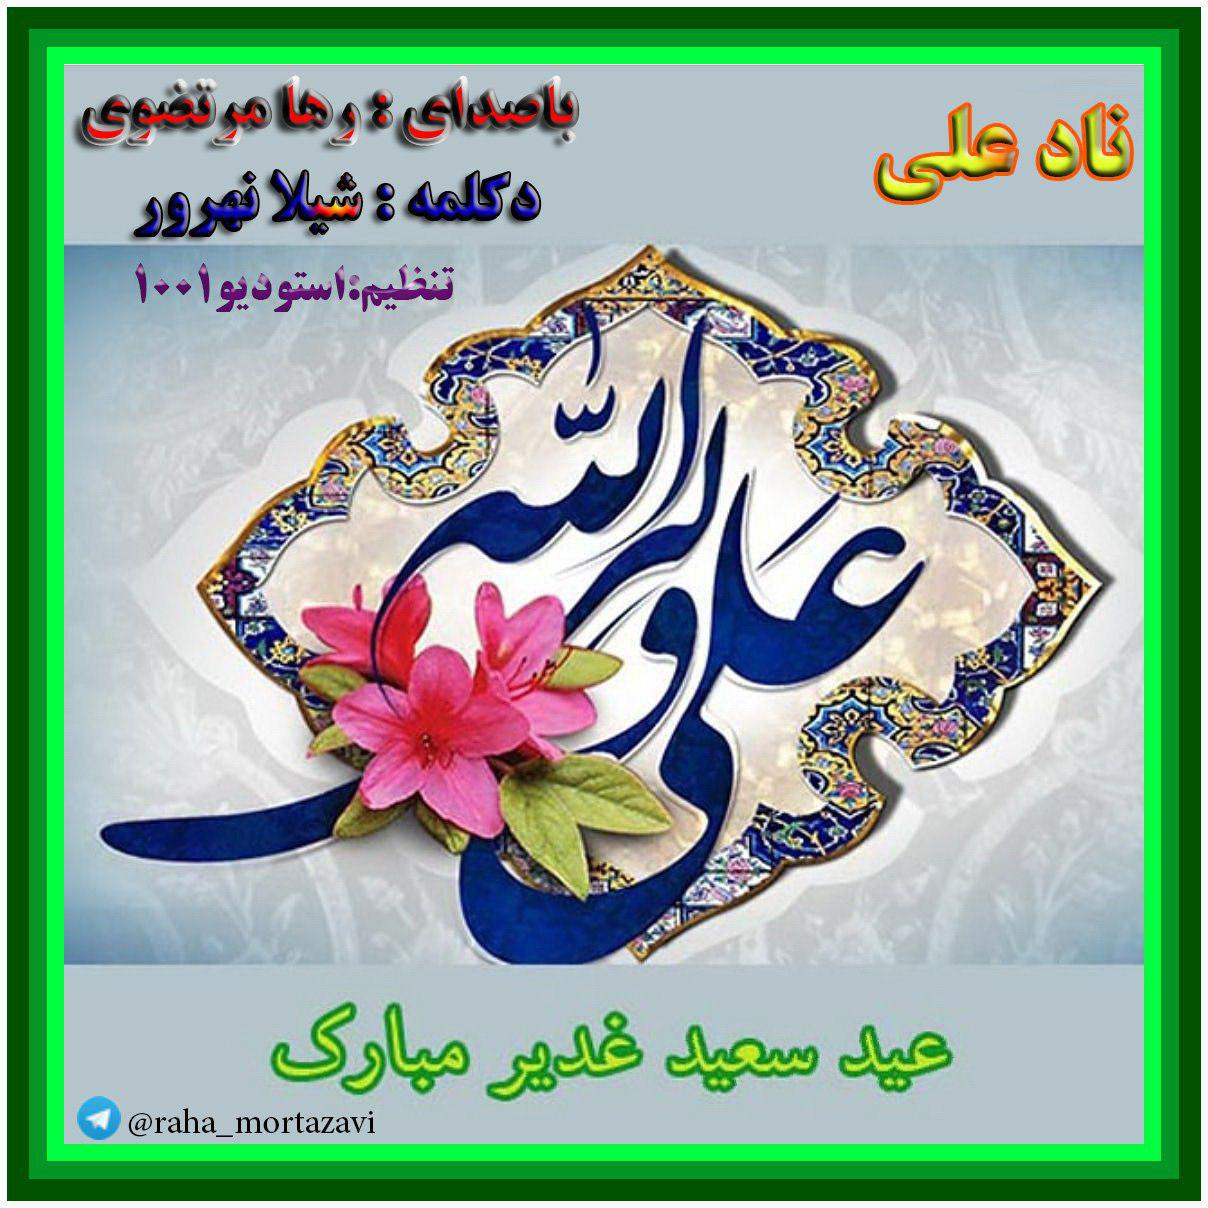 دانلود آهنگ جدید رها مرتضوی ناد علی 2
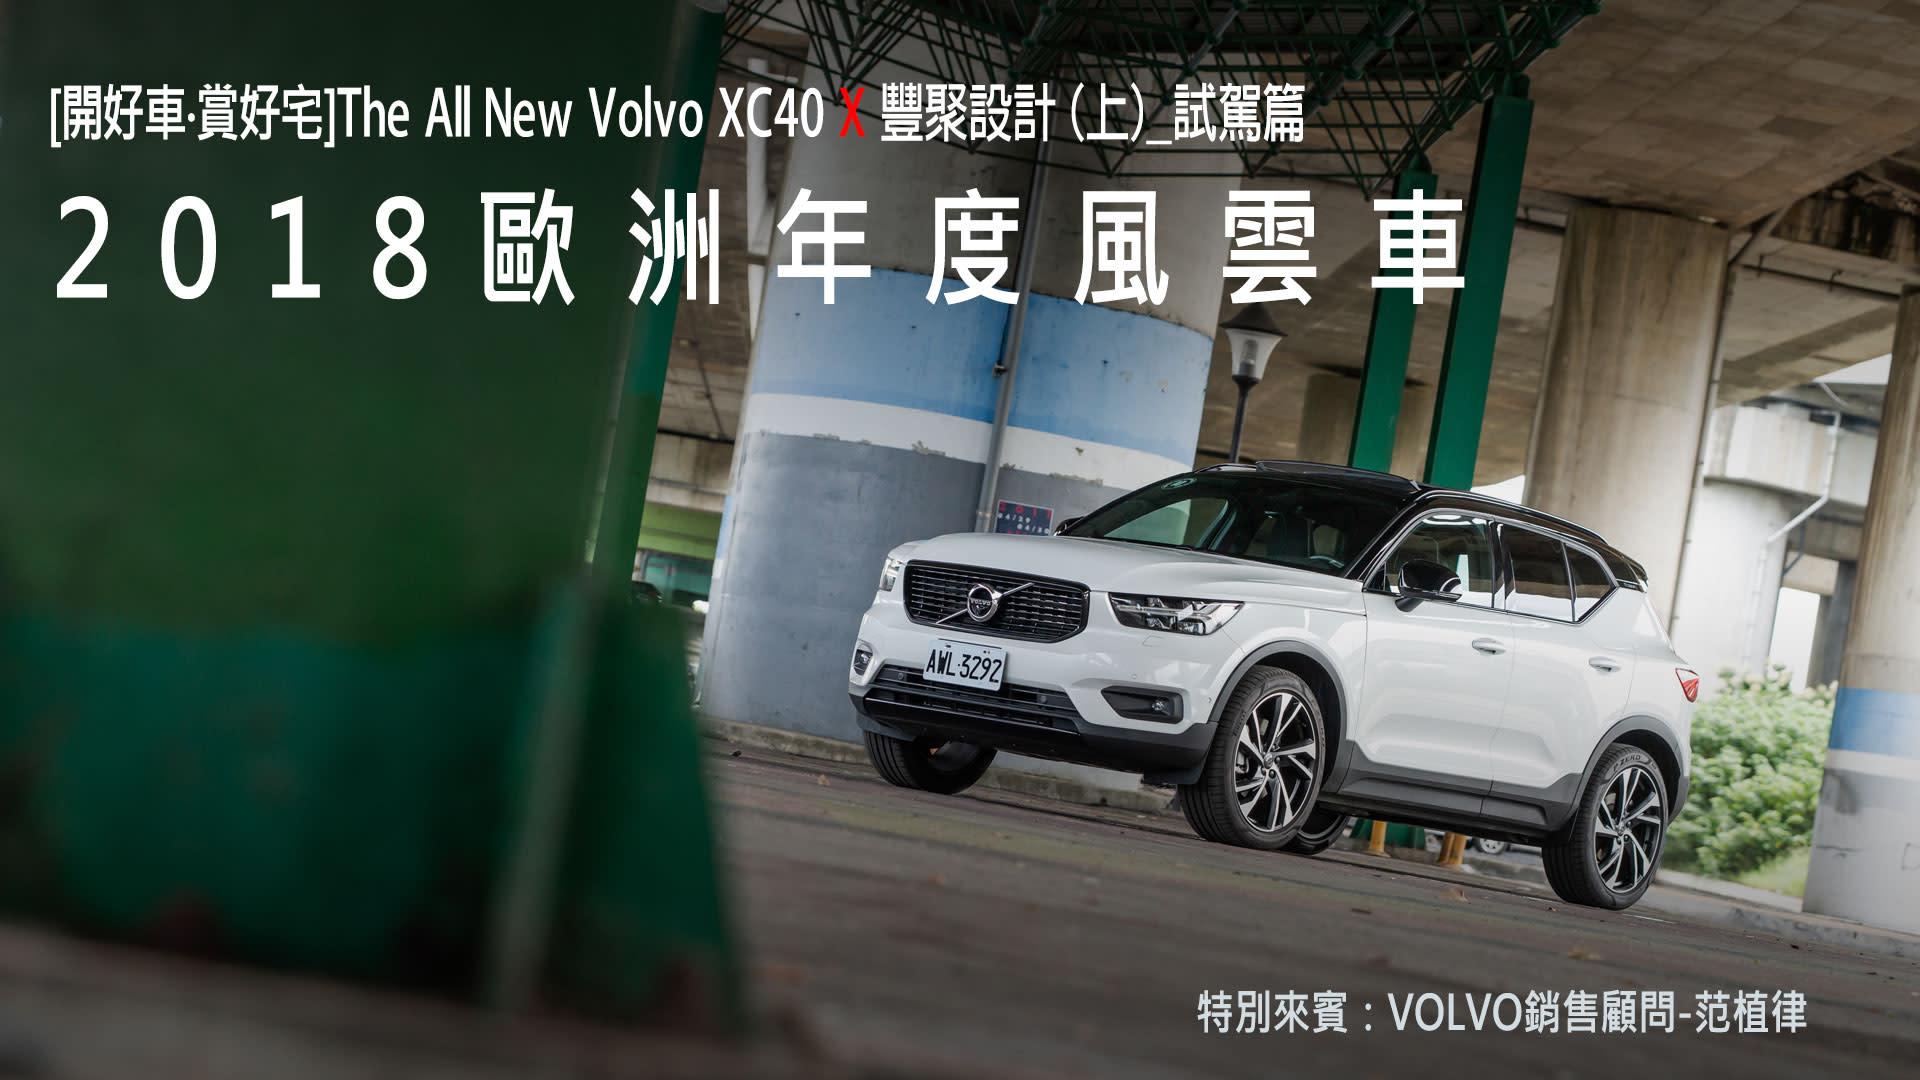 [開好車‧賞好宅]VOLVO XC40  X  豐聚設計(上)試駕篇_2018歐洲年度風雲車
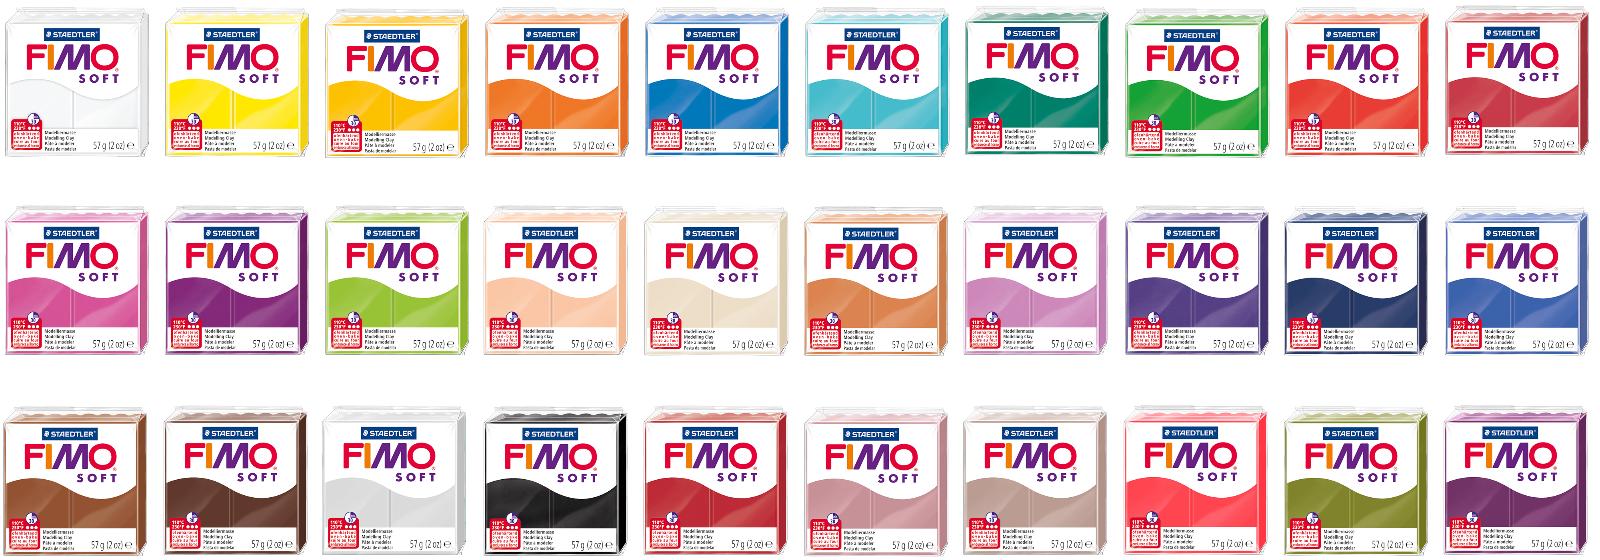 [2,96€ / 100 g] FIMO Soft Modelliermasse 57 g verschiedene Farben Knete AUSWAHL

■ ■ ■ ■

# ACTION ITEM:
Please retype the data exactly. The pictures do not go in.

# RESULT:
 دانلود آهنگ جدید رها مرتضوی ناد علی 2
 [開好車‧賞好宅]VOLVO XC40  X  豐聚設計(上)試駕篇_2018歐洲年度風雲車
 [2,96€ / 100 g] FIMO Soft Modelliermasse 57 g verschiedene Farben Knete AUSWAHL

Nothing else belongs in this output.